We can encapsulate this retrieval logic in a single function:

In [6]:
from typing import Any
from langchain_core.runnables import chain

@chain
def qa(question: str) -> dict[str, Any]:

    # fetch relevant documents
    docs = retriever.invoke(input=question)
    # prepare prompt
    formatted_prompt =  prompt.invoke(input={"context": docs, "question": question})

    answer = llm.invoke(input=formatted_prompt) # return llm's answer

    return {"answer": answer, "docs": docs} # return answer and relevant docs

In [7]:
response = qa.invoke(input="From where to where was the ship sailing?")

print(f"answer: {response['answer'].content}\n\nrelevant docs: {response['docs']}")
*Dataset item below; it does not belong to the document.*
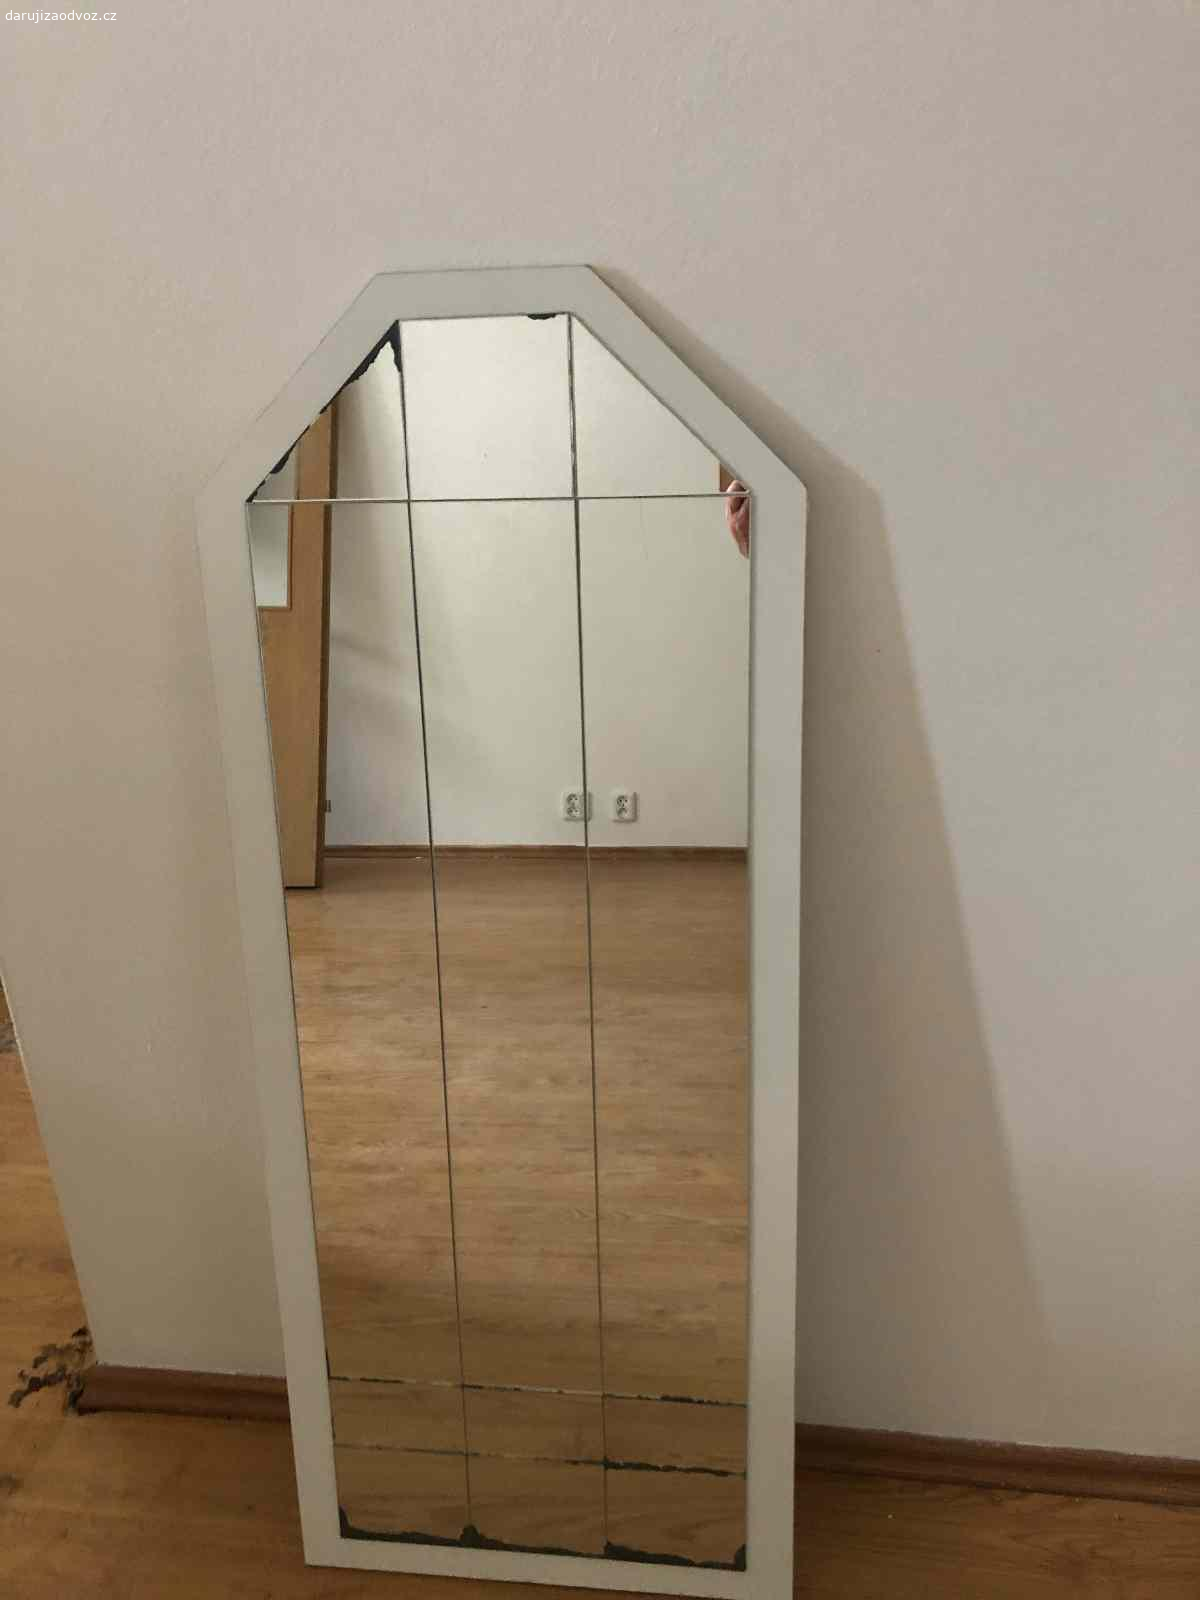 Daruji zrcadla. Daruji 2 zrcadla (lze i jednotlivě). Větší má rozměr 113 x 45 (zkosení ve výšce 98 cm),
rozměr menšího zrcadla je 71 x 40 cm.

answer: Based solely on the provided context, the ship's journey is described in the Argument section:

The ship was sailing **from "the cold Country towards the South Pole" to "the tropical Latitude of the Great Pacific Ocean."**

relevant docs: [Document(id='6b021b8c-c42e-4cdd-8a3f-b7983e58ab2d', metadata={'source': './rime.txt'}, page_content='THE RIME OF THE ANCYENT MARINERE, IN SEVEN PARTS.\n\nARGUMENT.\n\nHow a Ship having passed the Line was driven by Storms to the cold Country towards the South Pole; and how from thence she made her course to the tropical Latitude of the Great Pacific Ocean; and of the strange things that befell; and in what manner the Ancyent Marinere came back to his own Country.\n\nI.\n\n     It is an ancyent Marinere,\n       And he stoppeth one of three:\n     "By thy long grey beard and thy glittering eye\n       "Now wherefore stoppest me?\n\n     "The Bridegroom\'s doors are open\'d wide\n       "And I am next of kin;\n     "The Guests are met, the Feas

Notice how we now have a new runnable ```qa``` function that can be called with just a question and takes care to first fetch the relevant docs for context, format them into the prompt, and finally generate the answer. In the Python code, the ```@chain``` decorator turns the function into a runnable chain. This notion of encapsulating multiple steps into a single function will be key to building interesting apps with
LLMs.

**NOTE:** Do not forget to remove the pgvector container when done using this notebook. Execute ```docker compose down --volumes``` in the terminal.